Package software and data with self-compressed scripts
Sometimes, you need a quick and reliable way to distribute data or software to users without using a package manager (for example, the end user may not have root access to install an application).
This issue could be tackled by using containers and Podman or Docker, but what if they're not available on the destination system? What if one of the requirements is for the application to work on a bare-metal environment?
You could use Python with pip
(and you probably know that you can package non-Python artifacts, too), but then you may be faced with some installation limitations (a virtual environment, or the --user
option), not to mention that you need boilerplate code to package your Python code.
So is everything lost? Fear not! In this article, I demonstrate a very small but effective technique to write a self-extracting script that doesn't require elevated privileges.
Set up your data
Damiaan Zwietering has a cool Git repository about coronavirus with data and visualizations (Jupyter books and Excel spreadsheets), but no installer. Suppose you want to give this to your users, but they don't have access to Git. You can create a self-extracting installer for your users.
In real life, you'd already have data that you want to distribute. But so you have some sample data to work with, first clone this repository to your home directory:
$ git clone https://gitlab.com/dzwietering/corona.git
There's now a lot of data and a not-so-shallow directory structure, but you can create a .tar file using the git archive
command:
$ cd $HOME/corona
$ git archive --verbose --output $tempdir/corona.tar.gz HEAD
For the sake of this example, this tarball is the file you want to share with your users.
The self-extracting script's structure
The self-extracting script is split into the following sections:
- Code that helps users extract the data (the "payload")
- An anchor separating data (to be extracted) from the script
- The anchor position to extract the data that comes after it
Bash, as it turns out, is pretty good at defining a script this way.

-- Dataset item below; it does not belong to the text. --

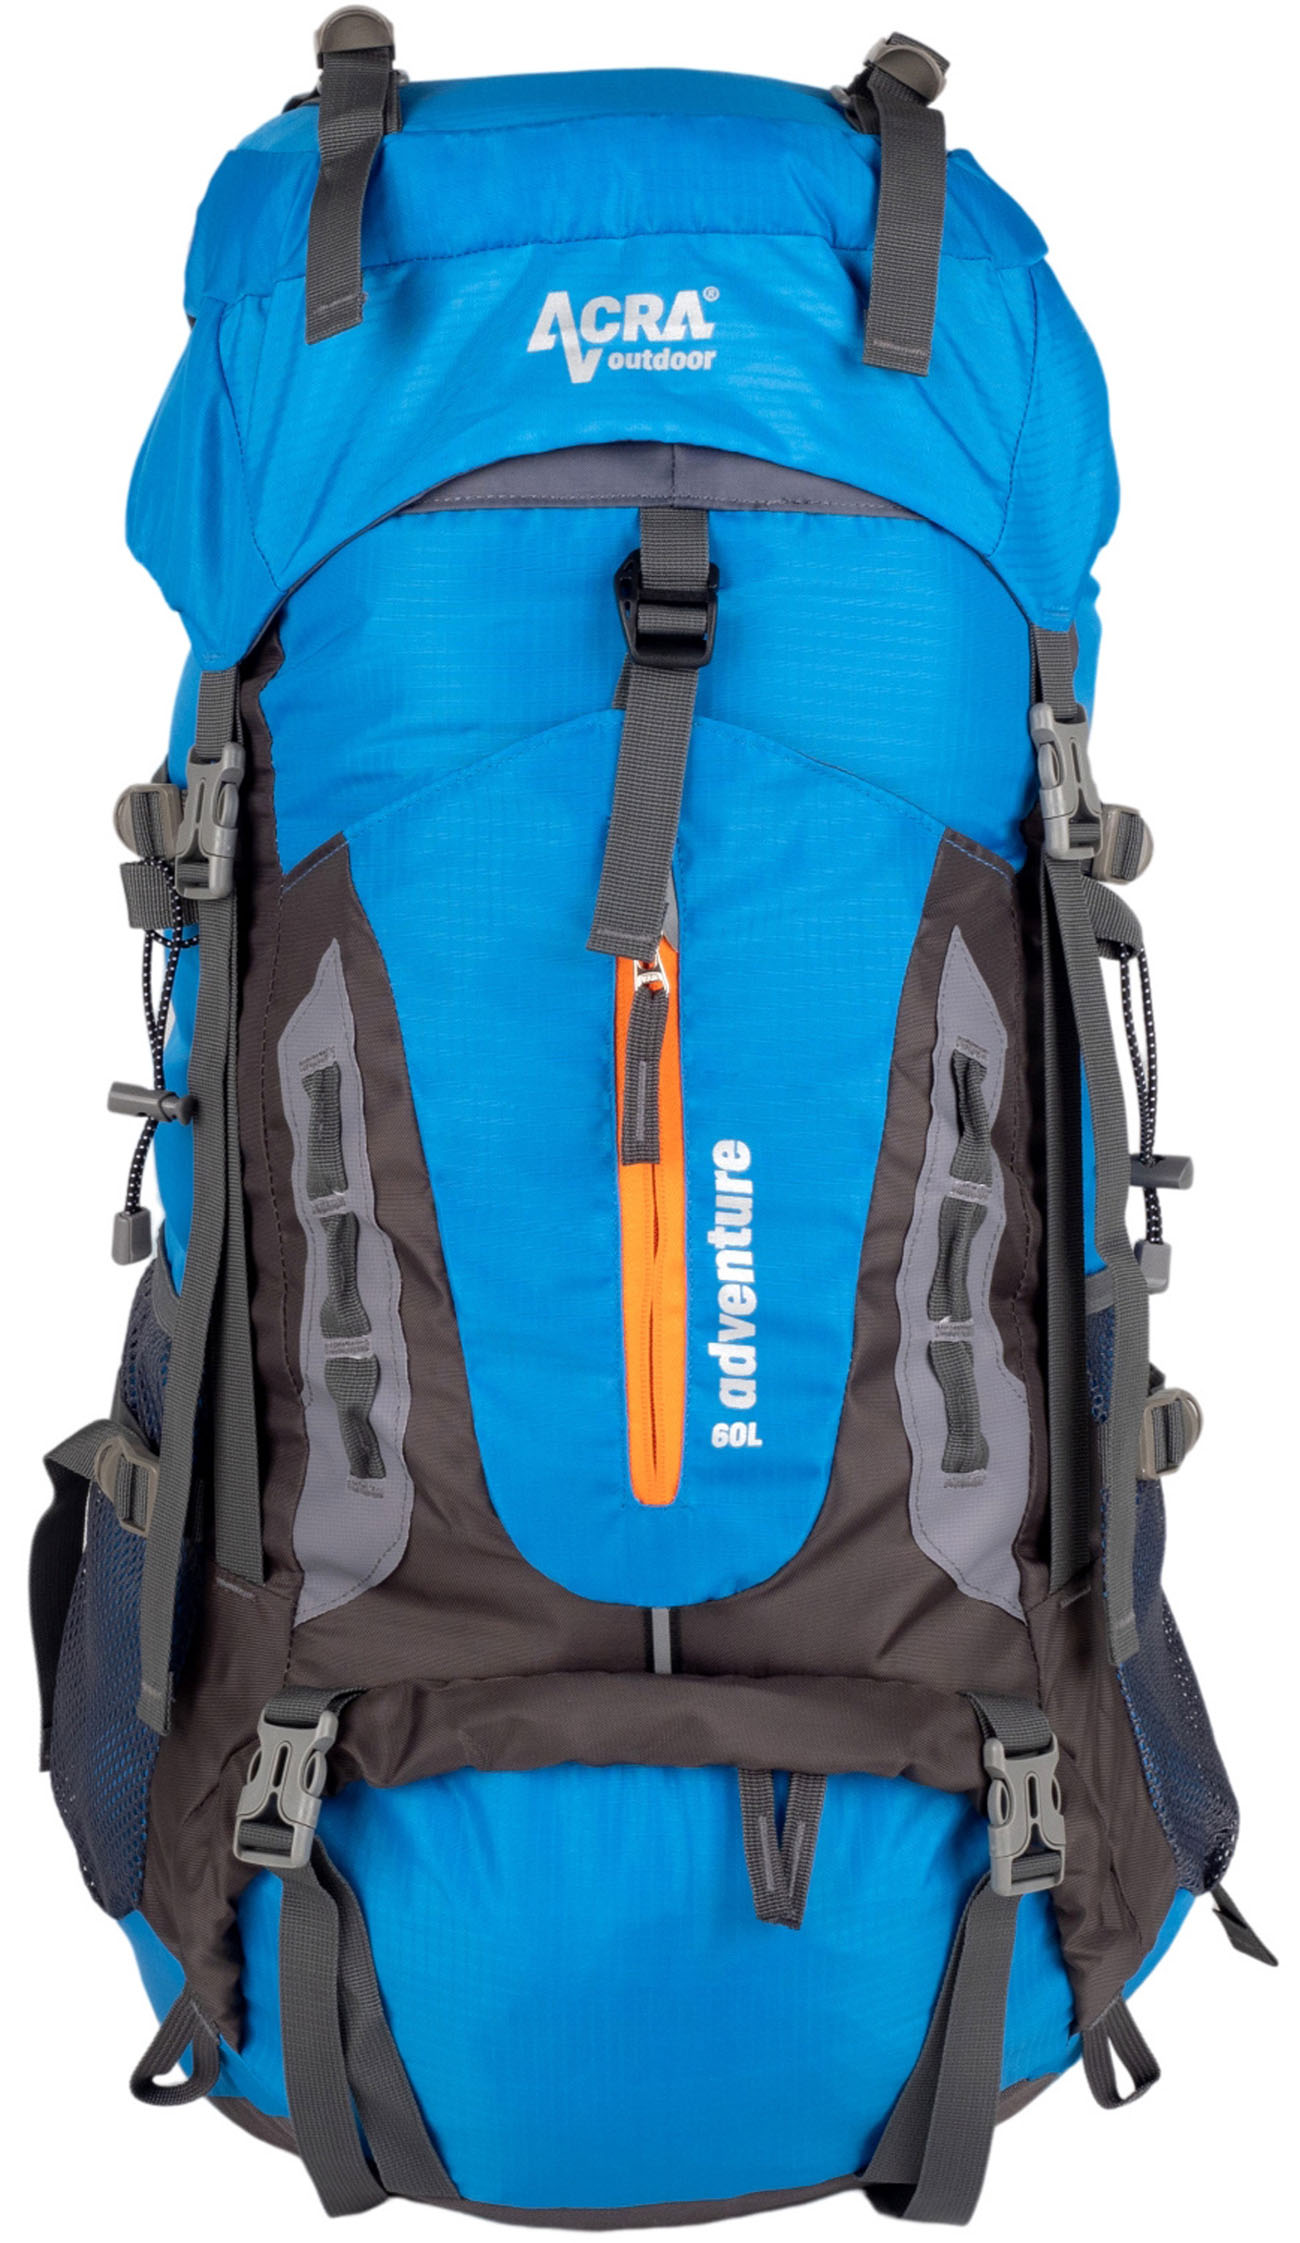 Batoh Adventure 60 L na náročnější horskou turistiku modrý BA60-MO

[ Download the free Bash shell scripting cheat sheet. ]
Create the payload
Here is an idea: Say the data you need to distribute is a directory with many scripts and also data. You want to keep your permissions and structure intact, and you want the user to just "unpack" this into their home directory.
This sounds like a job for the tar
command. But, for the sake of argument, say your users don't know how to use tar
, or they want special options when installing the tarball file (like extracting only a specific file).
Another issue is that your .tar archive is a binary file. If you want to send it by email, you have to encode it properly with Uuencode or Base64 so that it can be transmitted safely.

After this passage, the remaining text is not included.